Луна спряталась за облаками, и серебристая мгла, наполнявшая комнату, погасла. Анна всем телом прильнула к Борису — что-то встревожило ее, испугалась, что он исчезнет?
Борис обнял ее, и опять ему показалось, что она вся открылась ему. А он сам? Анна ни о чем не спрашивала — будто все о нем знала. Она поняла самое важное: не было у него любви, никого не было, и он шел к ней, потому что она — его любовь. Это ему только казалось, что он влюблялся, а может, и действительно, влюблялся, но по-другому. «Май жестокий с белыми ночами…» Борису представился тот ветреный октябрьский вечер, когда они с Риммой сидели на скамеечке во дворе ее дома на Чистых прудах и он грел в своих ладонях ее холодные зябнувшие руки…

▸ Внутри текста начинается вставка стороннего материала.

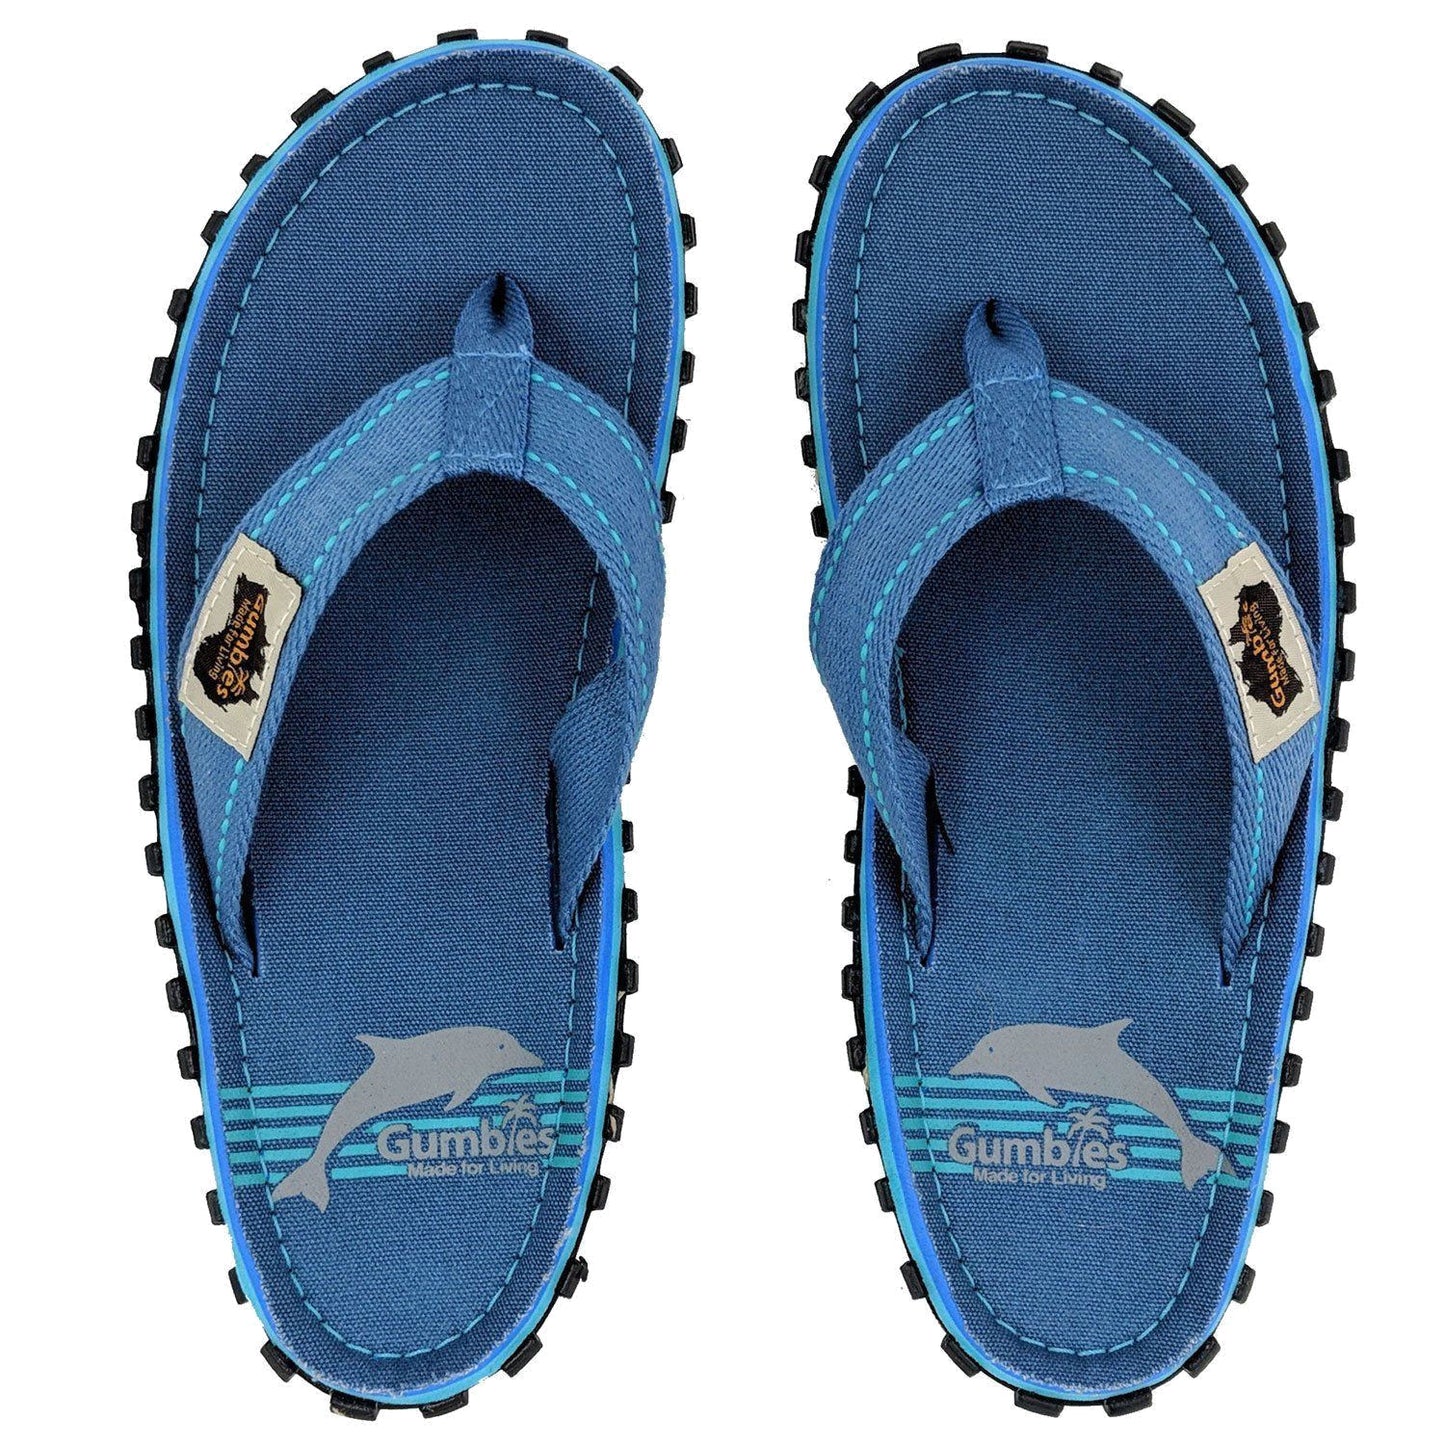 Gumbies Womens 'Islander' Flip Flops - Pool Blue / Dolphin Print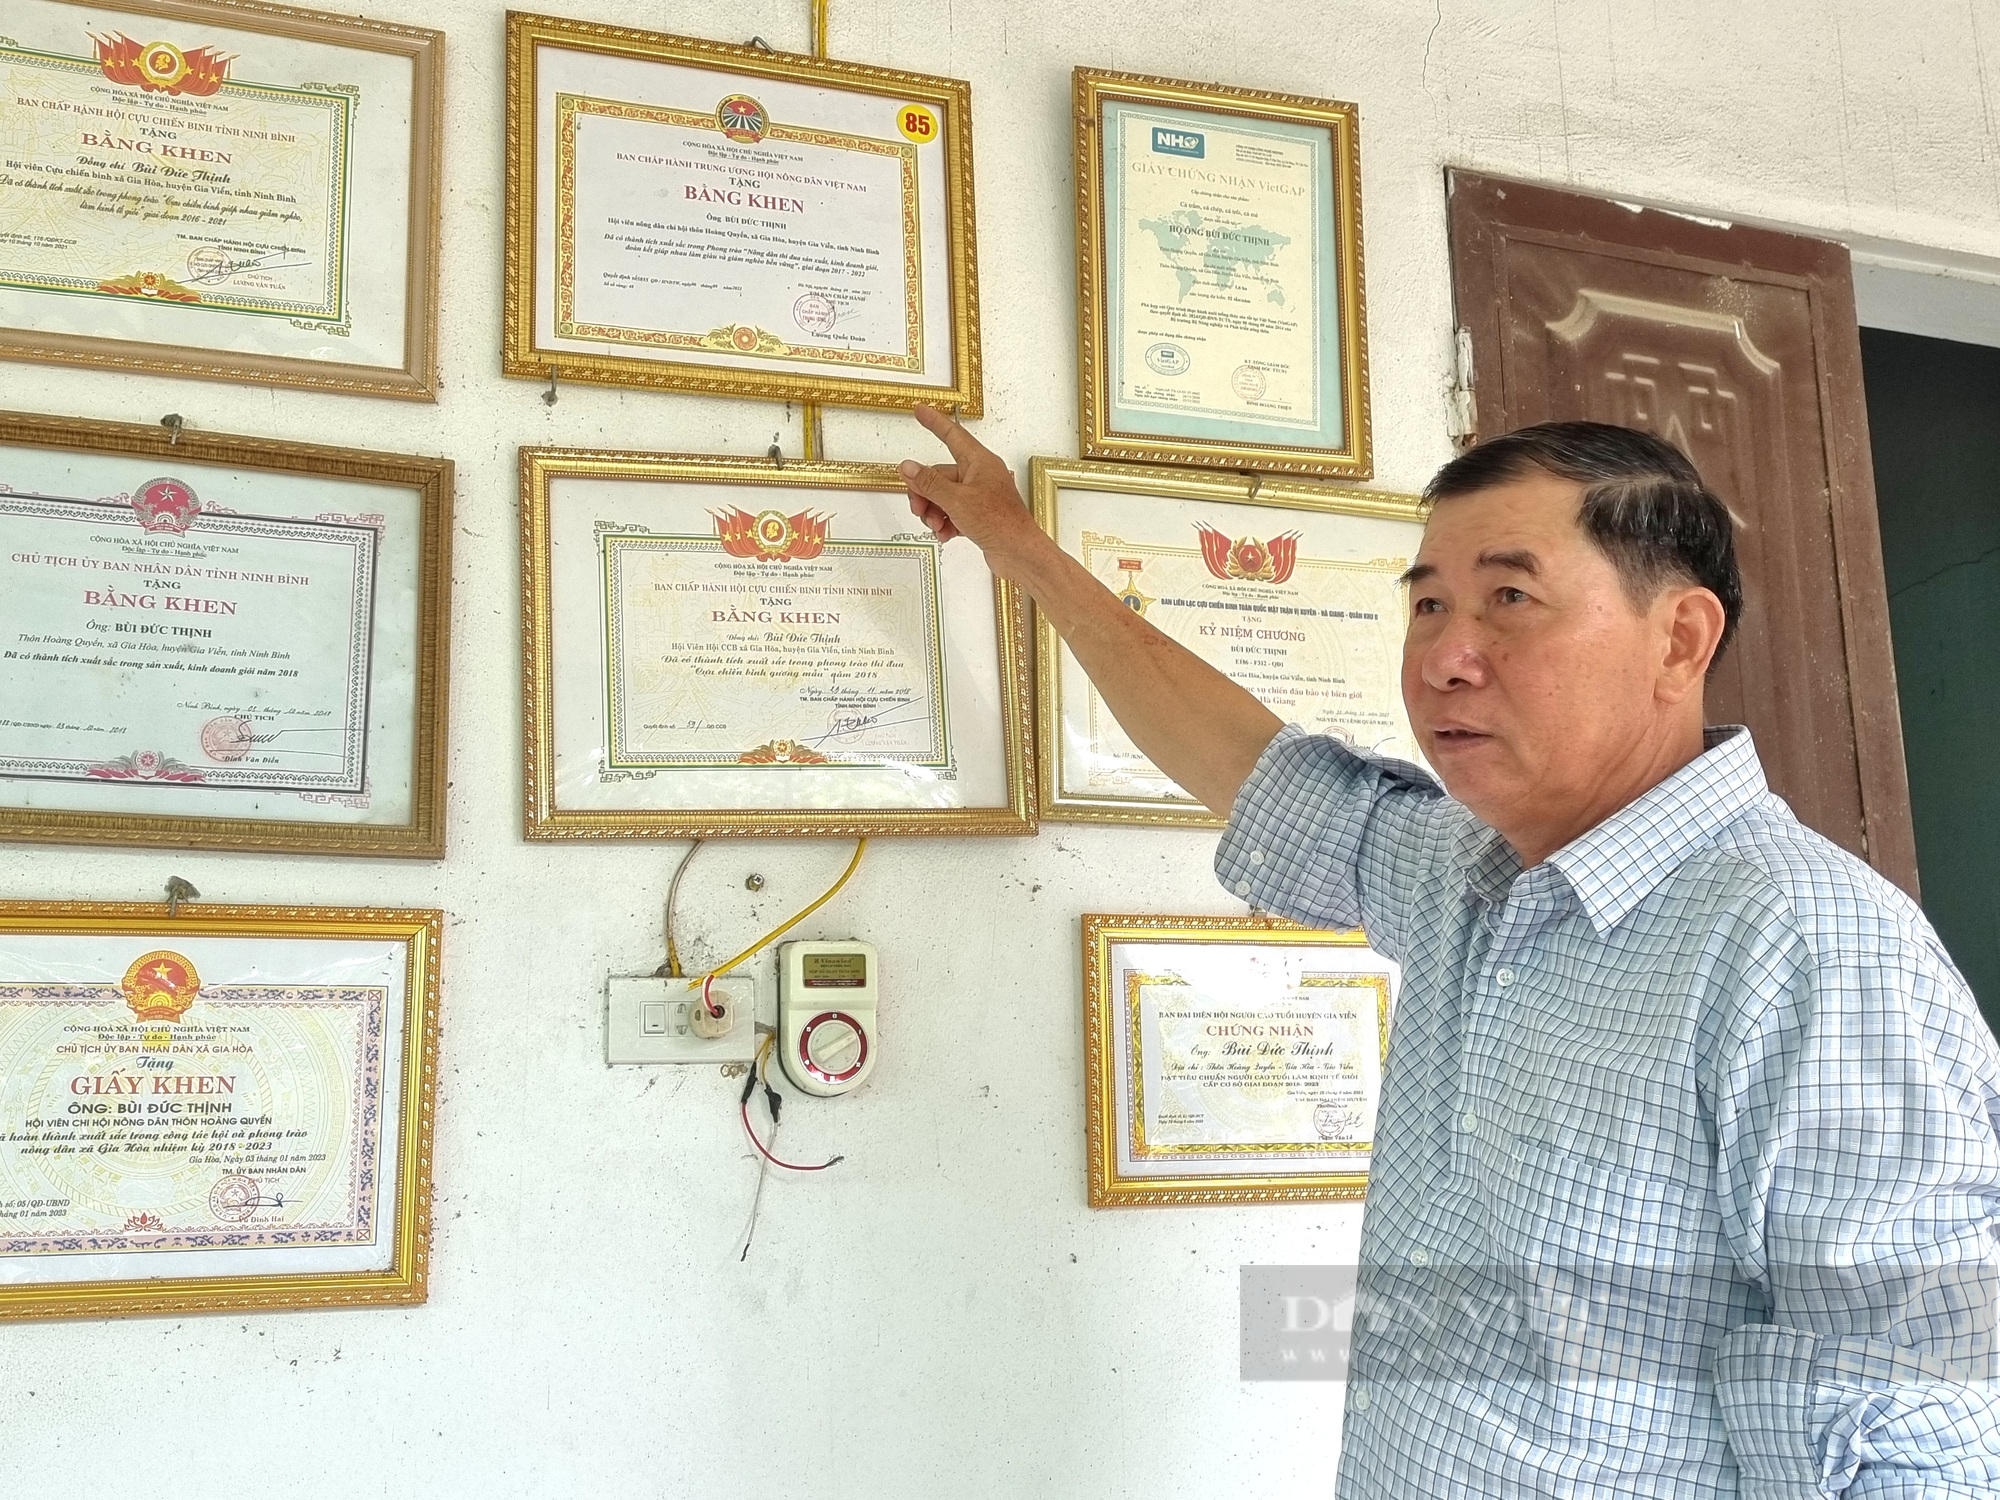 Chuyển đổi số trong nuôi cá nước ngọt, nông dân Việt Nam xuất sắc 2023 ở Ninh Bình có doanh thu gần 4 tỷ đồng - Ảnh 16.

«Май жестокий с белыми ночами…» Он вспомнил об этом с грустью, как о видении далекого детства, ушедшего навсегда. Неужели он так переменился за годы войны? А может быть, за одну эту ночь?
Каким же он был, к чему стремился? Аэроклуб, экзамены в энергетический институт… Собирался заниматься радиофизикой, мечтал о дальних перелетах — казалось, все было близко, достижимо, и впереди бесконечно много времени, и все успеется, и все будет…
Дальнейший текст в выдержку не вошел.